As we started walking toward "higher ground", we could see large granite stones set in a circular pattern in the sand. This must be the old lighthouse, we thought. We took some pictures and then started walking. We found an old circular cannon ball with a huge rusted ring on it. Maybe this once held anchor for one of their boats. We found many small pieces of slate that looked like they were once used on the roofs of the old homes that once stood here. It was uncanny to think that an entire community once inhabited this 60 acre flat stretch of sand. As we walked, the tide continued to rapidly flow out and we realized that this island has a diameter that was at least a mile wide. It was much larger than we had ever imagined. We walked quietly as if in a trance, taken back in time, looking at all the stones that were once parts of the foundations of these old structures. We imagined the force of the water and the wind that could erase all traces of civilization on this large sandy island. We imagined the people living here, children playing here and going to school only to see their homes slowly succumb to the forces of nature.

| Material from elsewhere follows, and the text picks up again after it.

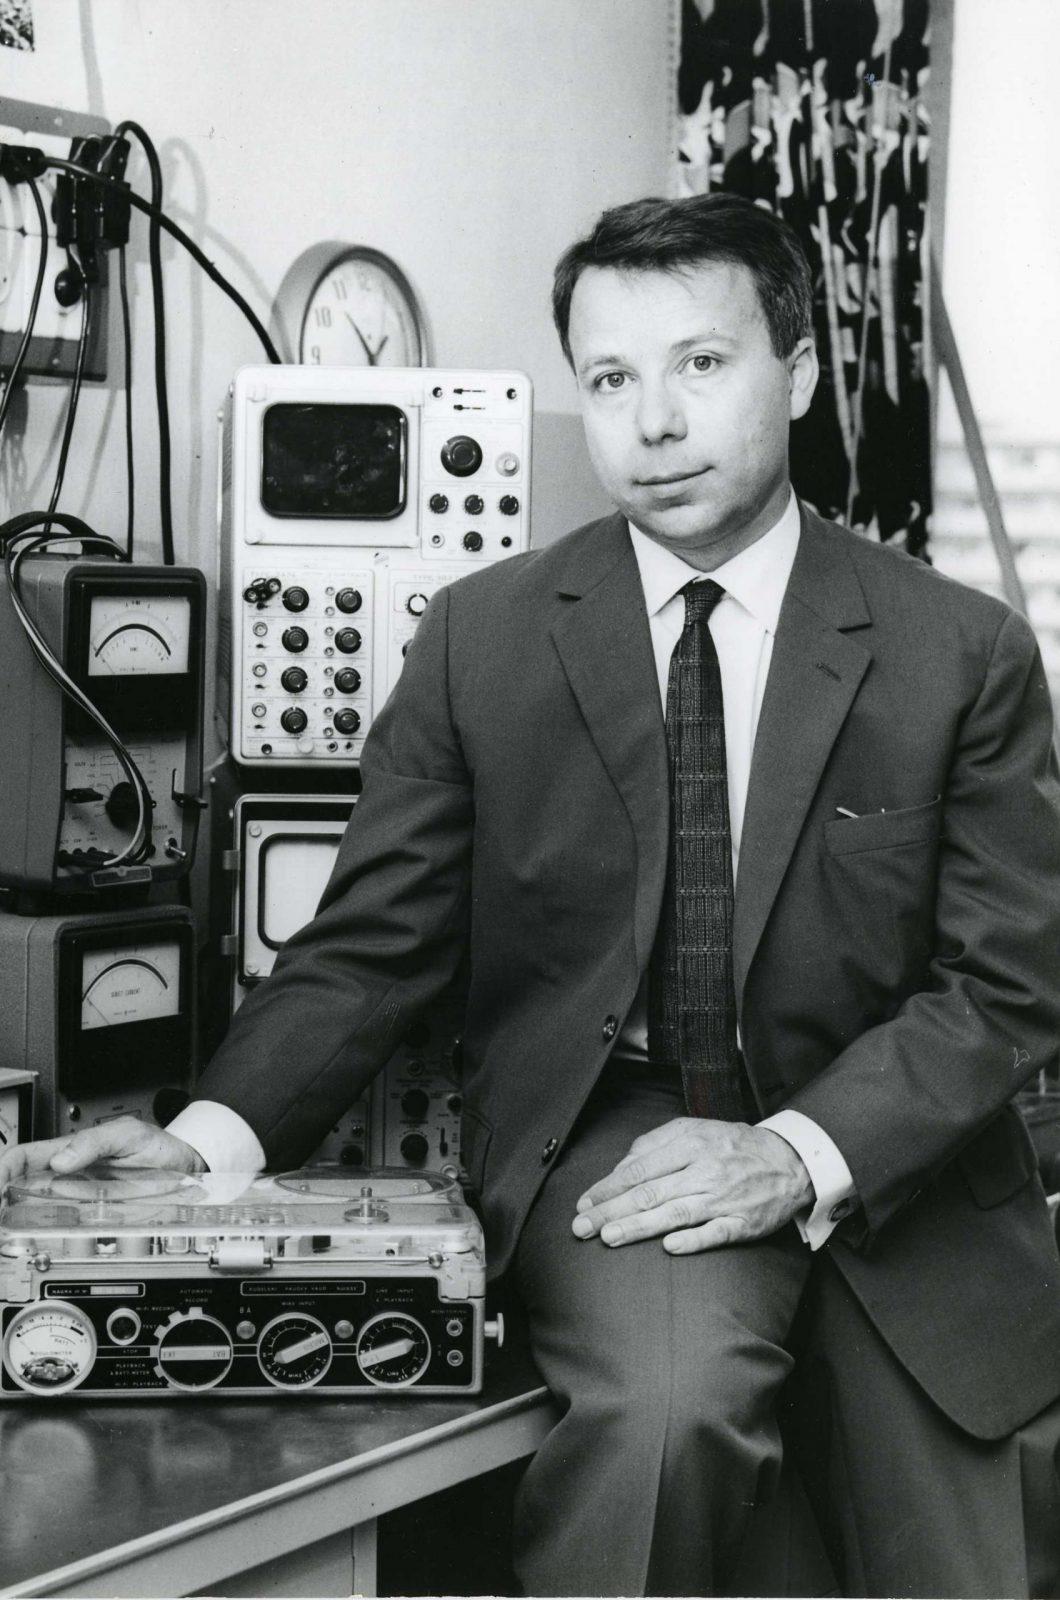 En 1957, six ans après la création du Nagra, Stefan Kudelski lance le Nagra III.

As we walked back back to our kayaks to get our lunch, we realized how much the tide had gone out in such a short period of time. We quickly realized that the larger boat with the father and two children must be visitors because they were so far up on the sand that they were sure to be there until the high tides returned to free their vessel. Hopefully they had packed a good cooler with lots of food for they would be there for a few hours.

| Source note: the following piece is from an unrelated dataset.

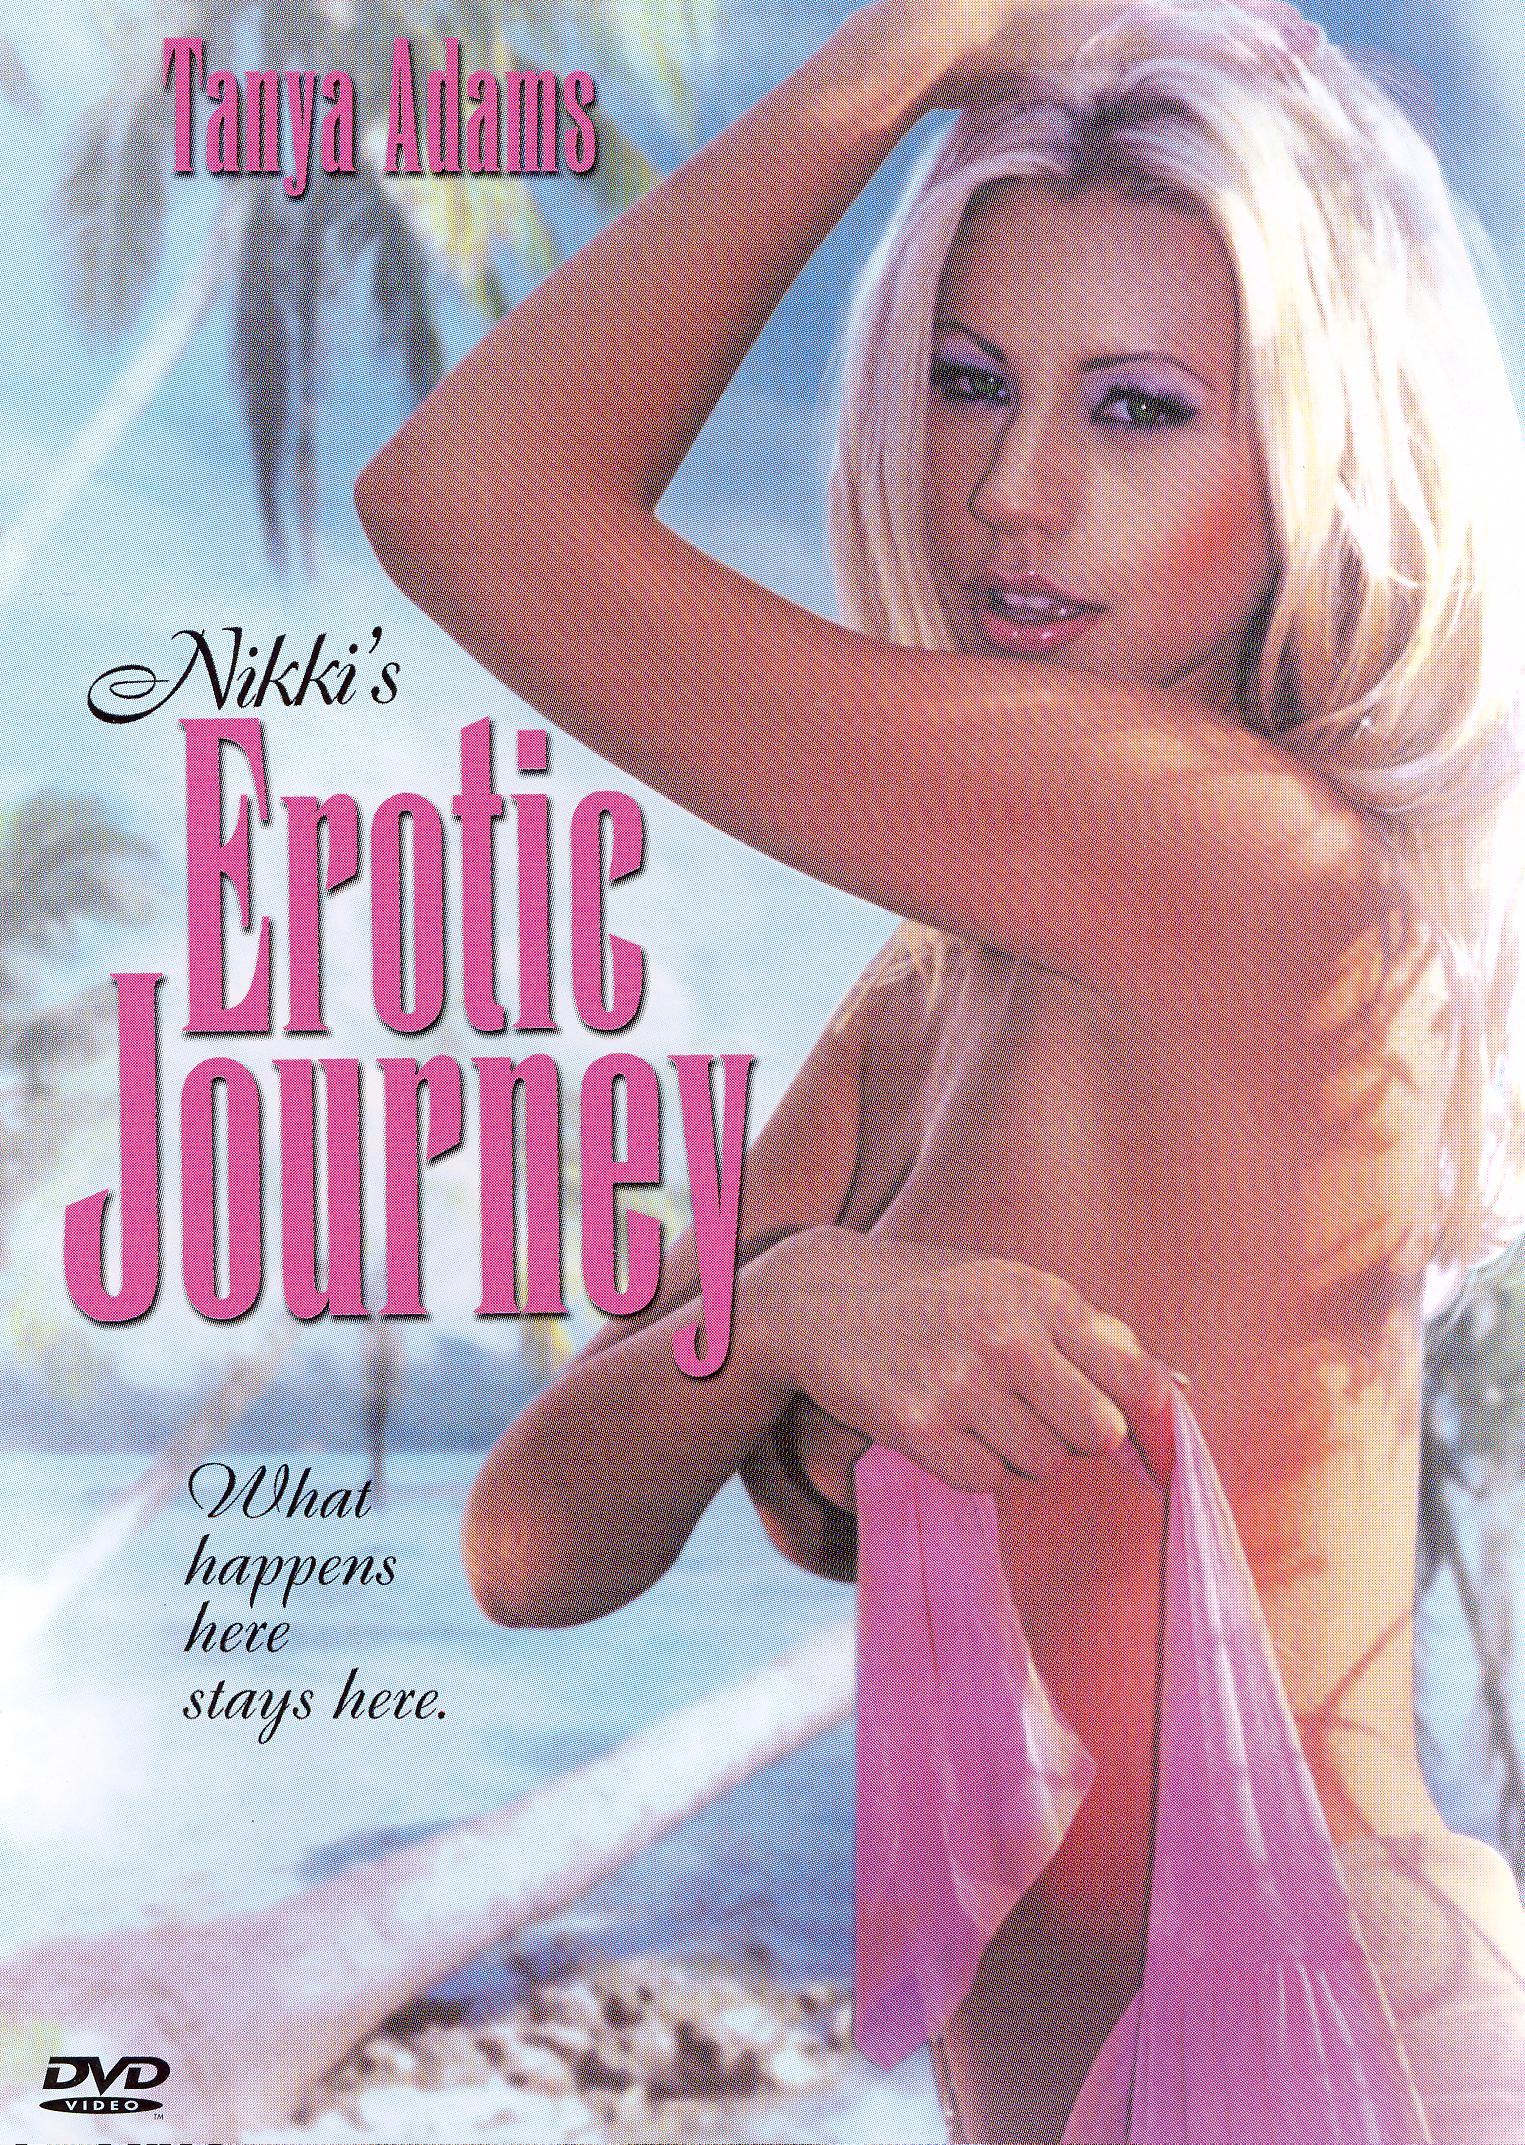 Nikki's Erotic Journey

We ate a leisure lunch as Billingsgate Island continued to appear before our eyes. We realized that the little sandbars that we had seen as we paddled in were a part of this large island at one time. We decide to leave about 2:30 P.M. so we could get back in time. We walked over to our kayaks only to see them locked in the sand. The nearest water was at least a half mile away. With our new kevlar boats, dragging them was not even an option. So, we picked them up, side by side, and carried them to the water. Little did we know that when we finally found water, it was only 4 inches deep and too shallow to paddle. But, we could drag them in these waters to some deeper water about another half a mile away. At least we didn't have to carry them anymore!

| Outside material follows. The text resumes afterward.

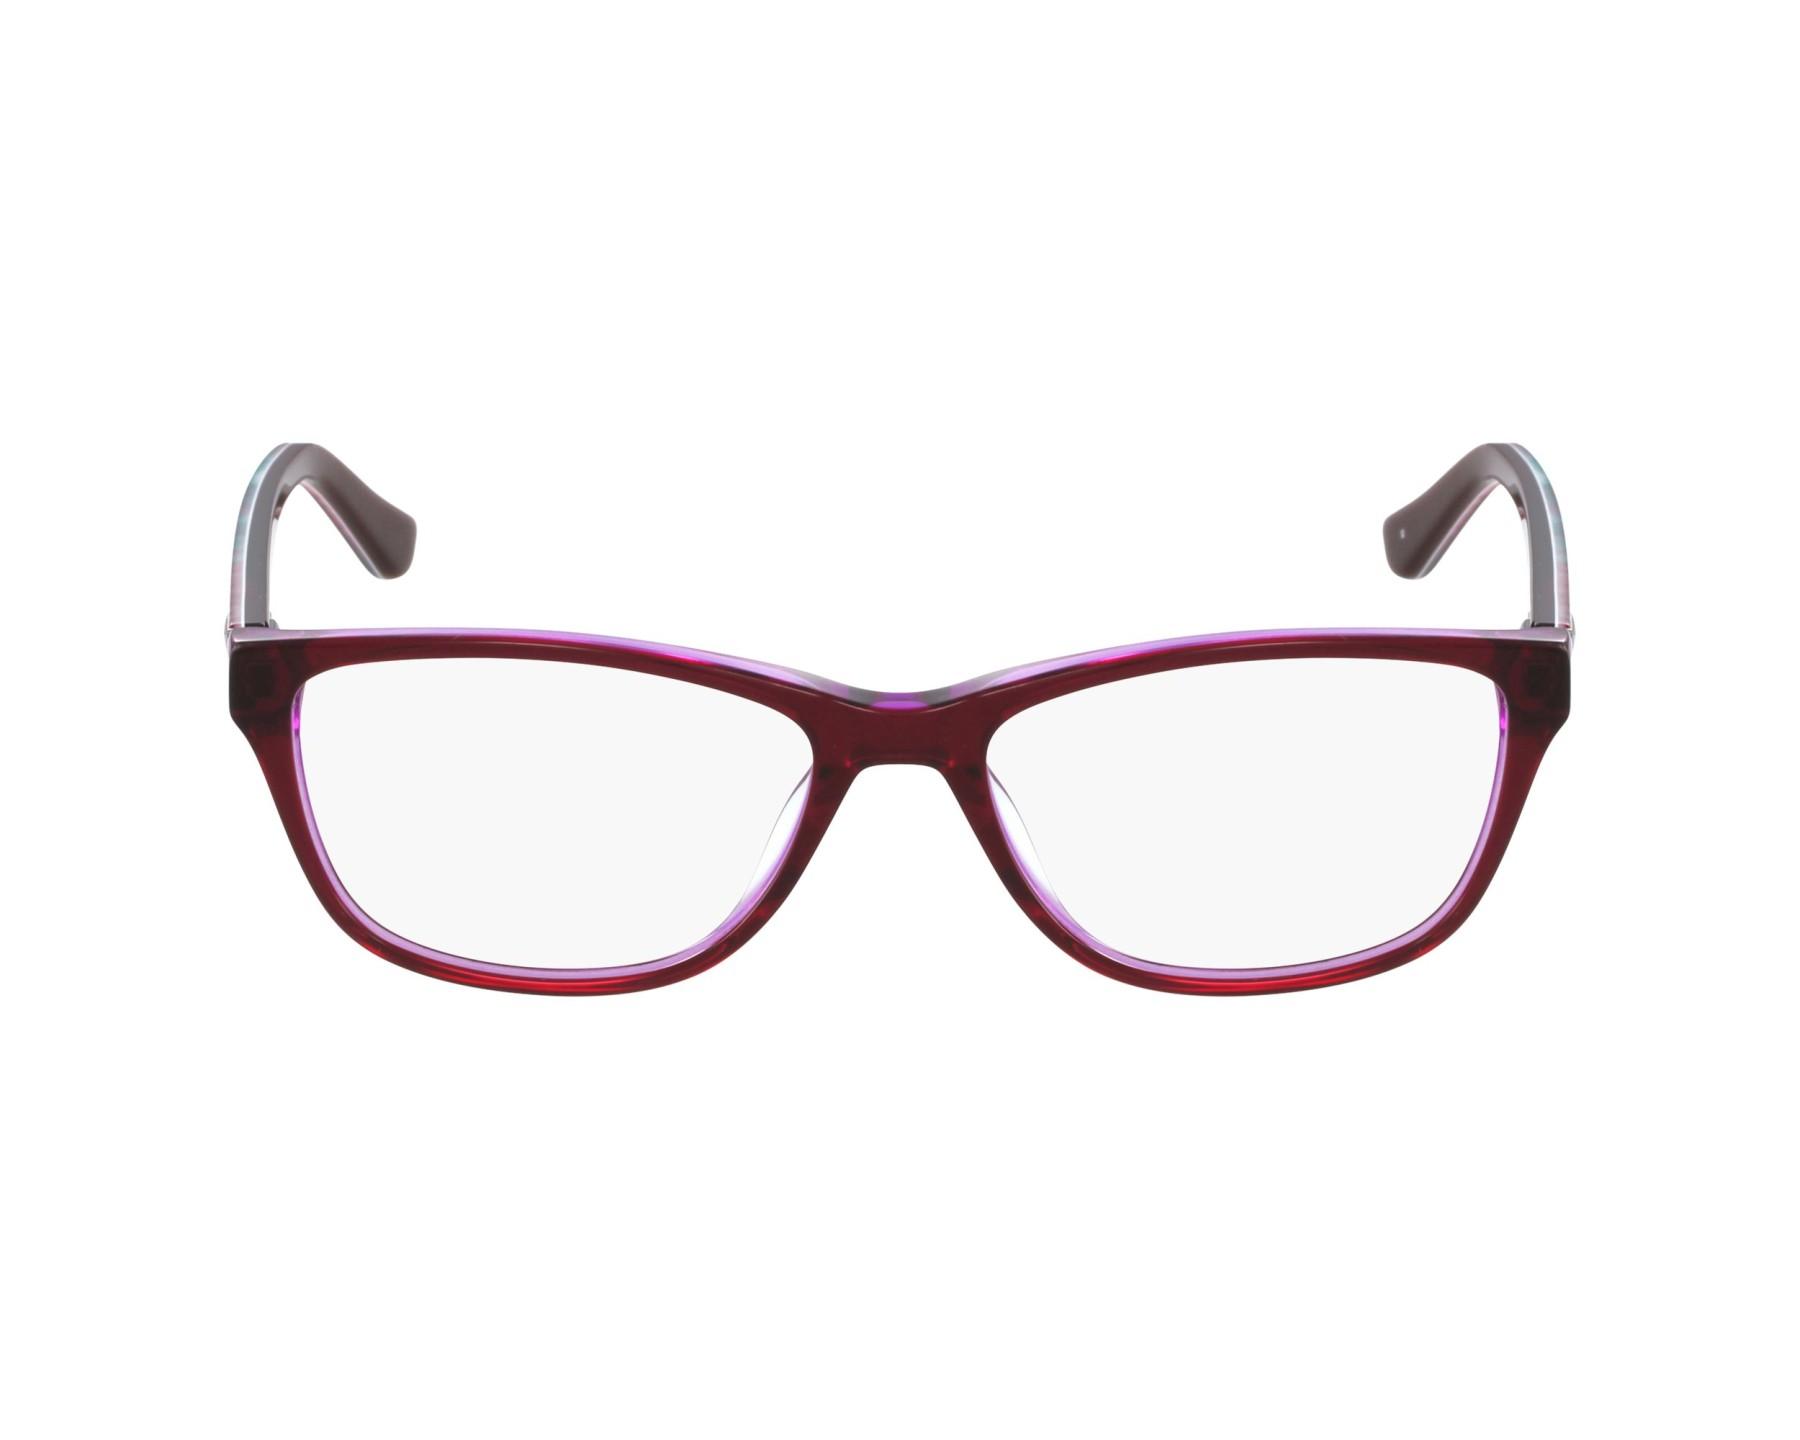 Guess Eyeglasses GU-2513 066 Bordeaux   visio-net.com

As we finally started paddling back toward home, we decided to take a look at the target ship again in low tide. It was quite a site. Much of the hull stood out of the water and the ribs were now visible ten feet high. But the clouds had come in and the wind had kicked up making it very difficult to see down into the water. We knew we still had two and a half miles to go across the bay. When we arrived at Rock Harbor, the tides were still very low and all we could see was mud. We tried to find a little stream of water coming out of the harbor that was deep enough for us to paddle. It was apparent that boats could only use this harbor at high tide, so they must plan all their activities around the tides or they might literally be "stuck" for a long time. We landed on shore where it was very busy with people milling about... many asking us numerous questions about our kayaks and trip. We were tired from the long day but feeling quite content that our first "open water crossing" was so much fun and gave us such a great feeling of accomplishment. We visited the Wellfleet Bay Wildlife Sanctuary the next day and they confirmed that it was a very rare sighting of a 1,200 - 1,500 pound leatherback turtle.